Currently, to run the feature extraction code, use run_all.py, which is located in the feature extraction directory. run_all.py takes in a directory and a configuration file. The directory is the directory of the corpus and the configuration file has all of the options. There is a sample configuration file config.txt and a file explaining each option config_explain.txt in the feature extraction directory. The script creates sub-directories of the corpus directory for each type of feature extraction (eg. ngrams_results) and saves the relevant data there. The output from all of the feature extraction text is saved in a sparse matrix (currently in CSR form) which combines all of the features. This sparse matrix can be used for the analysis and is saved as final_results/feature_mat.pkl. The names of the features (e.g. the gram for an ngram feature or the topic number for a topic model feature) is saved as a list as final_results/feature_names.pkl. The index of the feature names list corresponds with its column in the feature matrix.

Input

The input is the pre-processed text from the pre-processing step. This is either a set of text files and associated metadata CSV file, or a Postgres database, with a DocText table and a Metadata table.

Output

The output is the set of extracted features. The main thing is to establish a dictionary of features, so taht each feature can be referred to by an integer identifier. Then a particular feature of a particular document can be indexed by [docid,gramid].

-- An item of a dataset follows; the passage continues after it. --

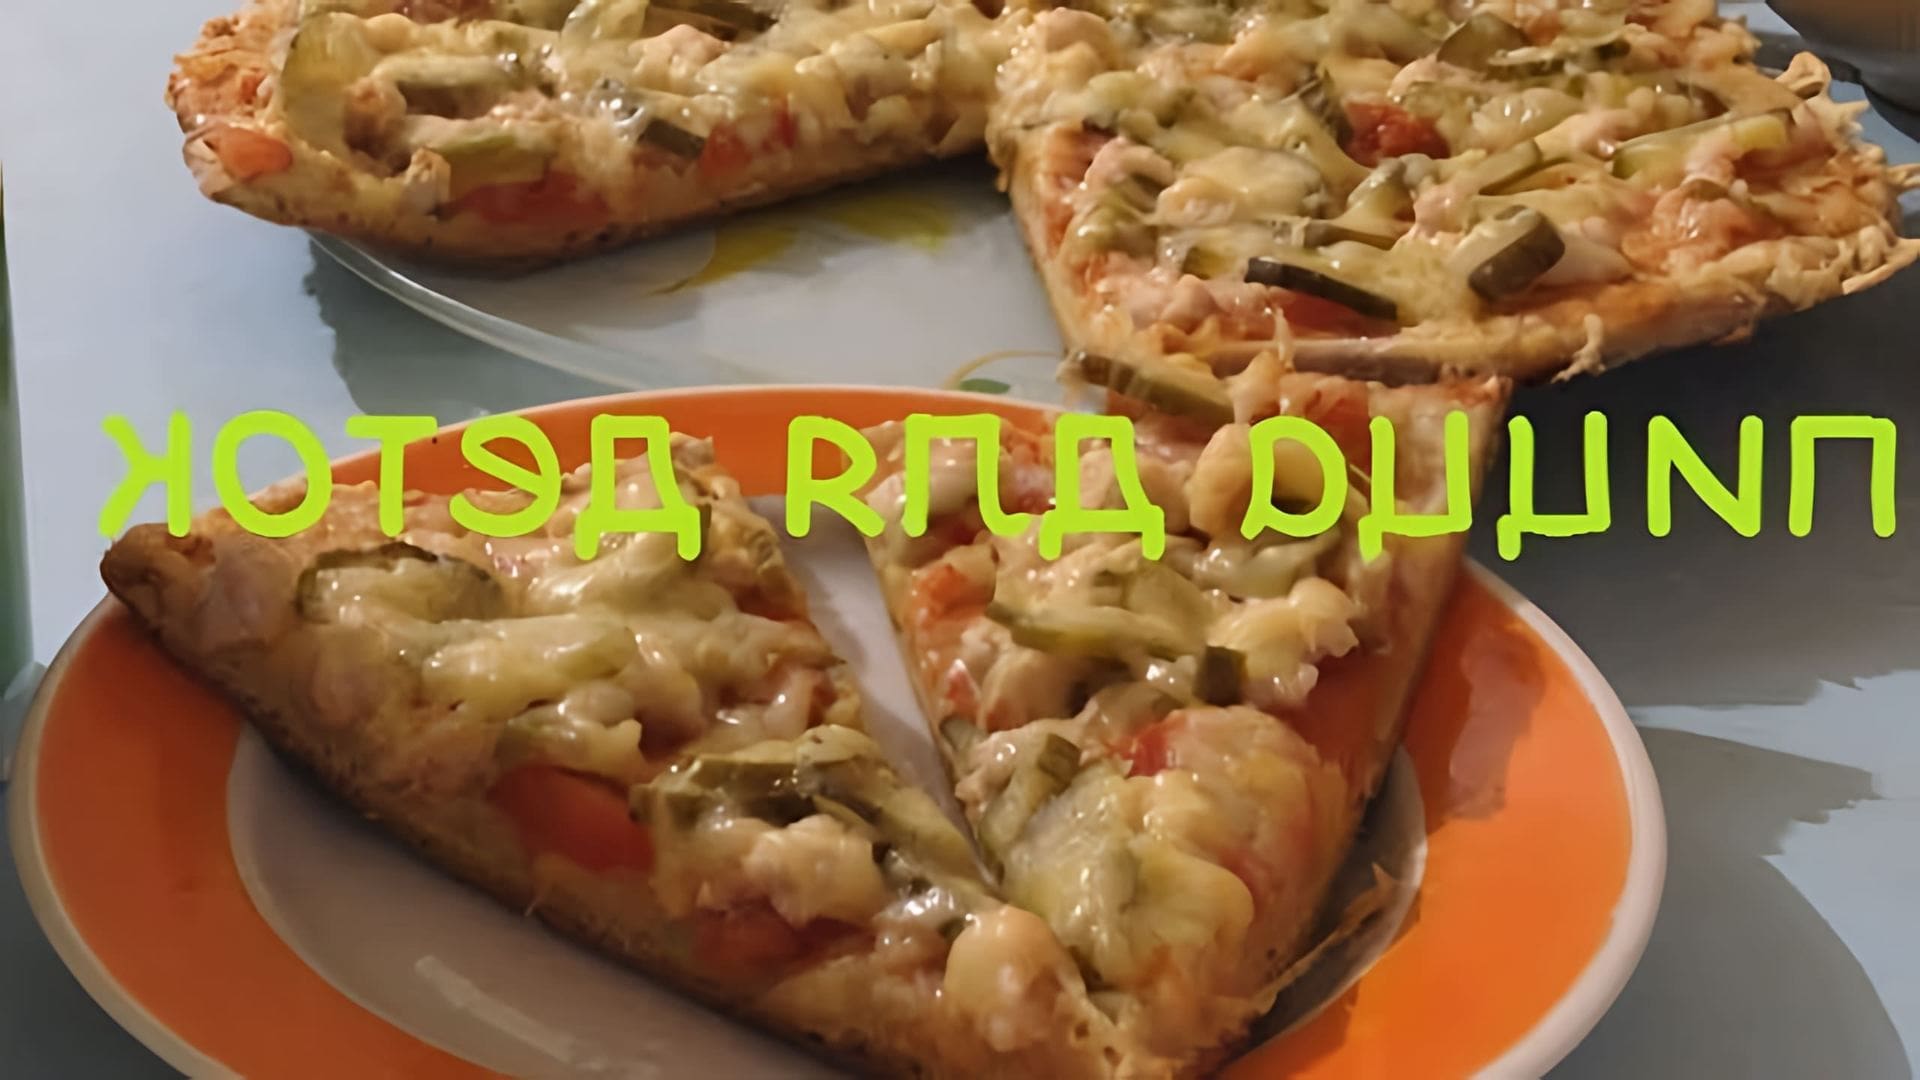 В этом видео демонстрируется процесс приготовления детского меню, а именно пиццы с тестом из сметаны без дрожжей

We will experiment with four formats.

The simplest version of this is just a CSV file for each document, with the name of the text file being [docid].txt. Each row is [feature_id, frequency], where feature_id is an integer identifier that links to a separate dictionary CSV file, with row [feature_id, feature], where "feature" corresponds to a gram, phrase, dependency relation, etc.

Second, each document could be saved as a SciPy sparse matrix format (see here: http://www.philippsinger.info/?p=464). We could save using HDF5 format: https://github.com/telegraphic/hickle.

Third, each document could consist of a row in a postgres table, with columns [docid, gramids], where gramids is an array of integers.

Fourth, each (docid, gramid) pair (if the gram shows up in the document) could be represented as a row in a postgres table, with columns [docid,gramid,freq].